Could you transcribe exactly the lines below, from the line with "車、ホーン、信号、3つのバージョン...の未再生の波形" through the line with "Fco. Miguel Ortiz Gonzalez Conde", and nothing else, leaving out the pictures?

### EXTRACTED MATERIAL
[Start of section]

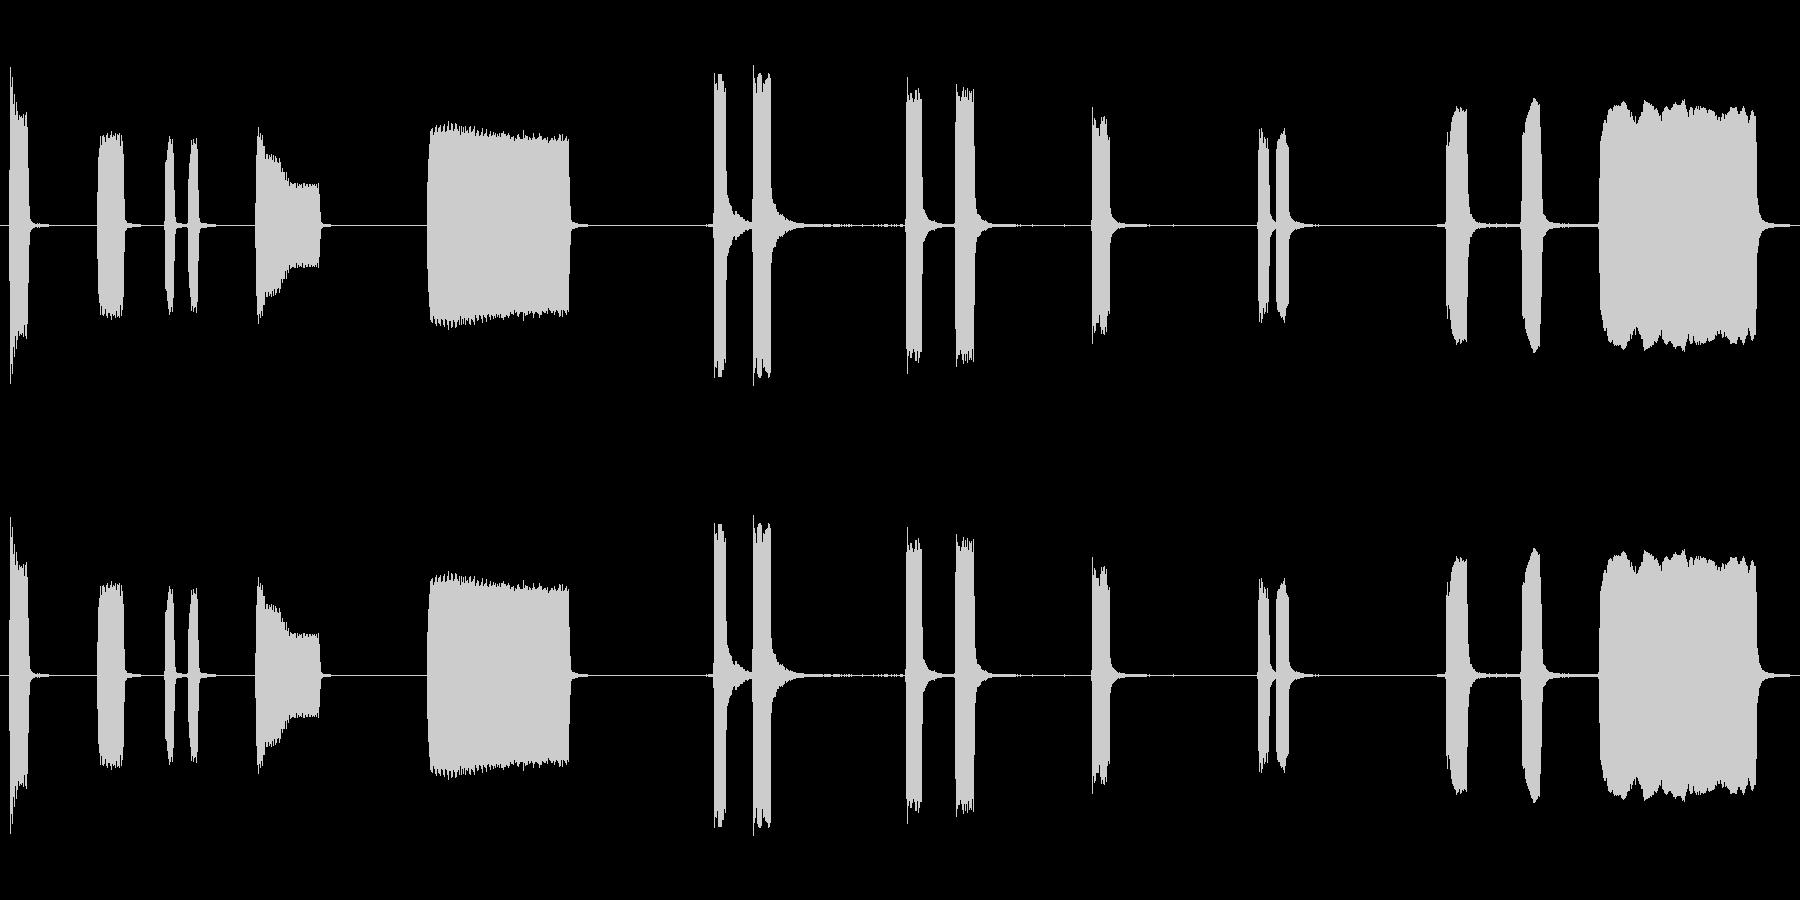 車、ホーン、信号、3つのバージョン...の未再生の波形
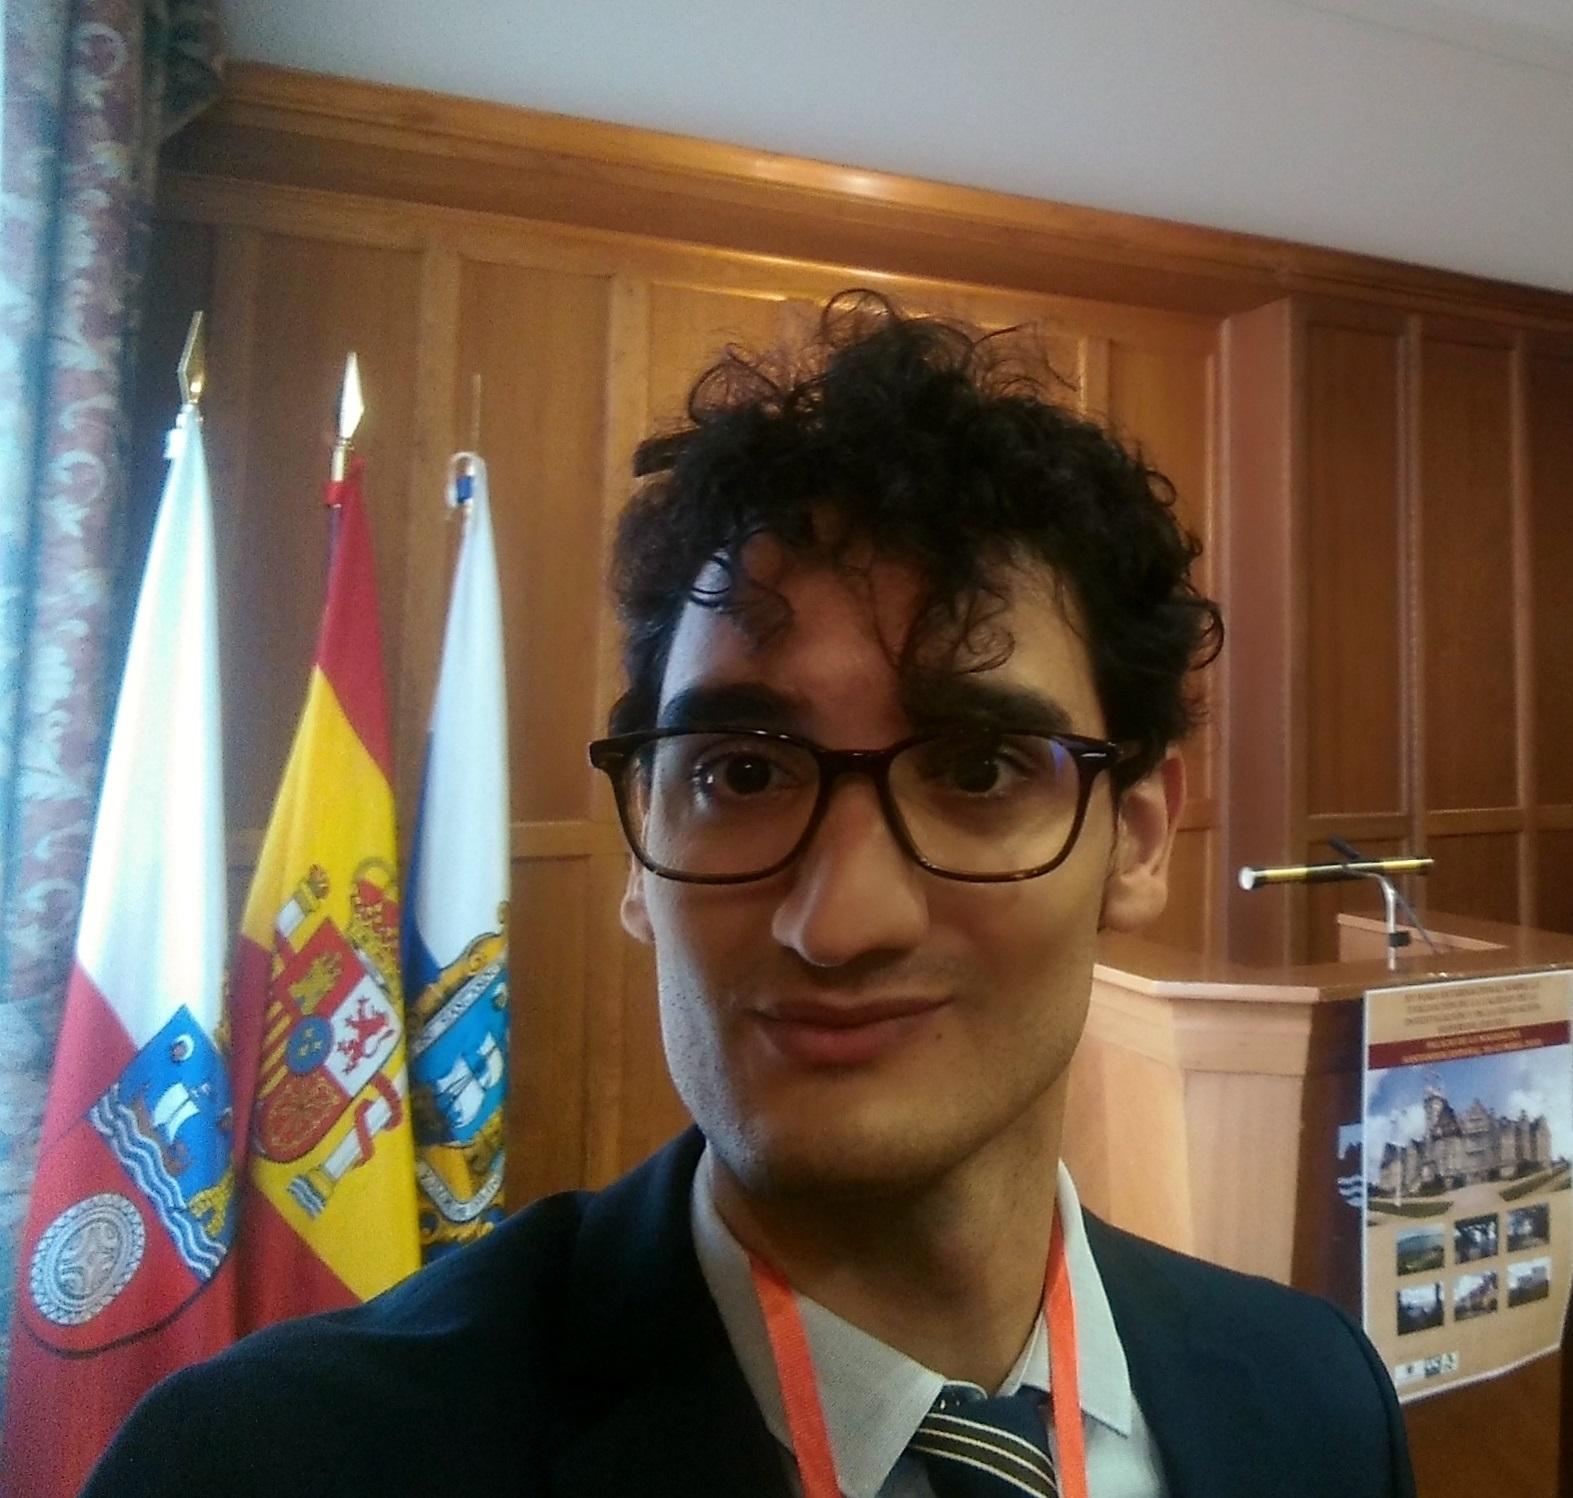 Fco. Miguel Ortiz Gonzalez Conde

[End of section]
[Start of section]

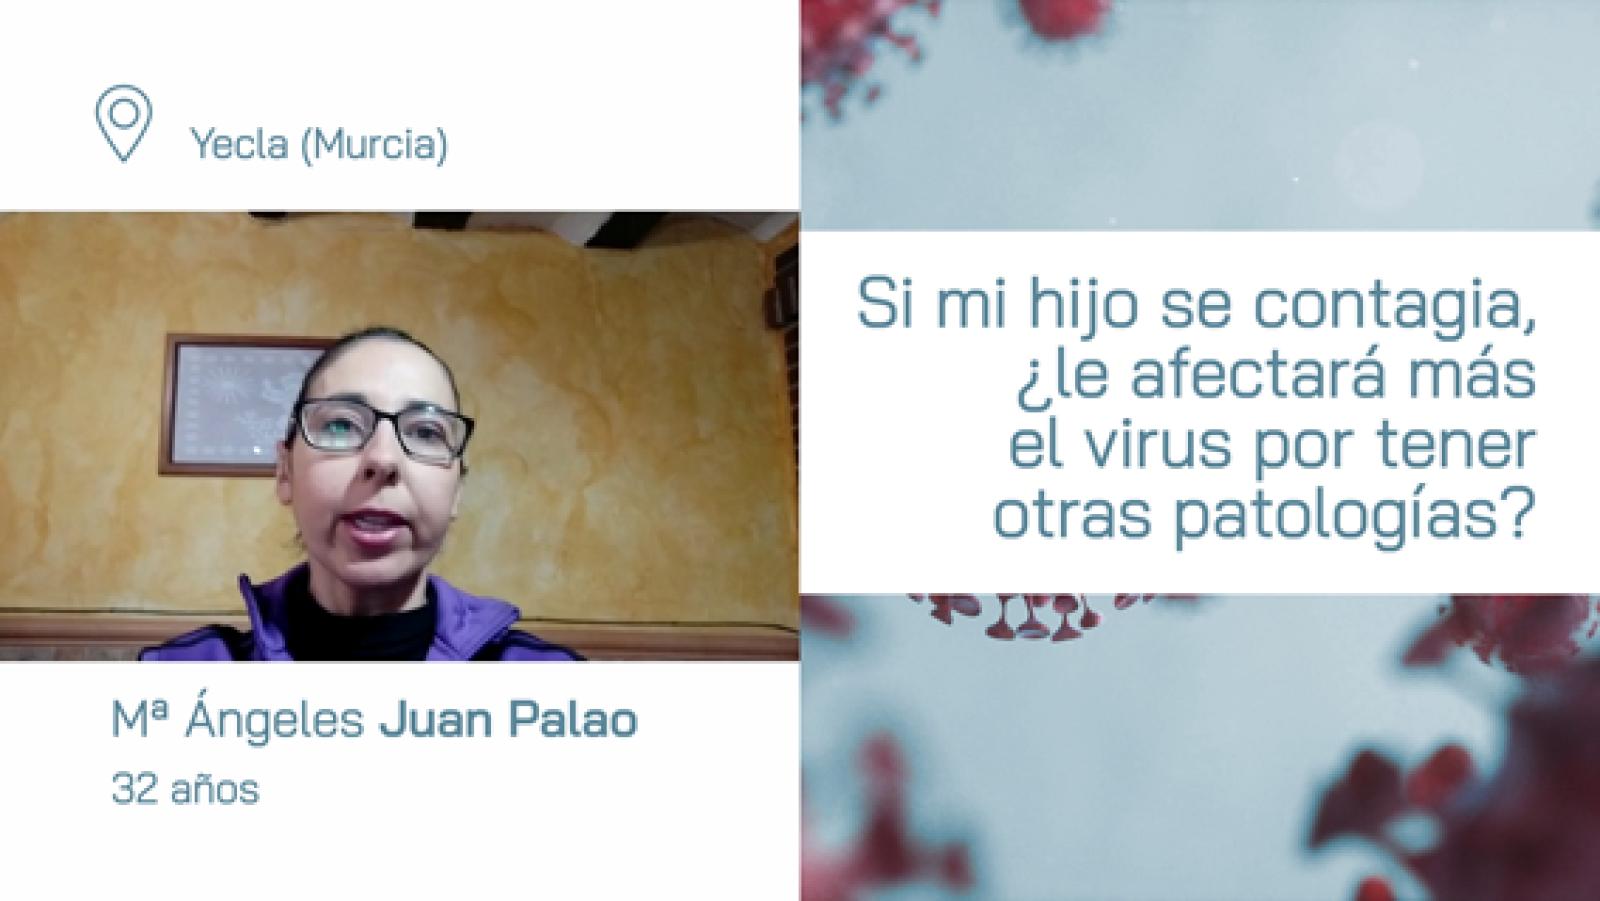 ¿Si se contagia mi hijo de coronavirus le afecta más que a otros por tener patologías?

[End of section]

### TASK SOLUTION
 車、ホーン、信号、3つのバージョン...の未再生の波形
 Fco. Miguel Ortiz Gonzalez Conde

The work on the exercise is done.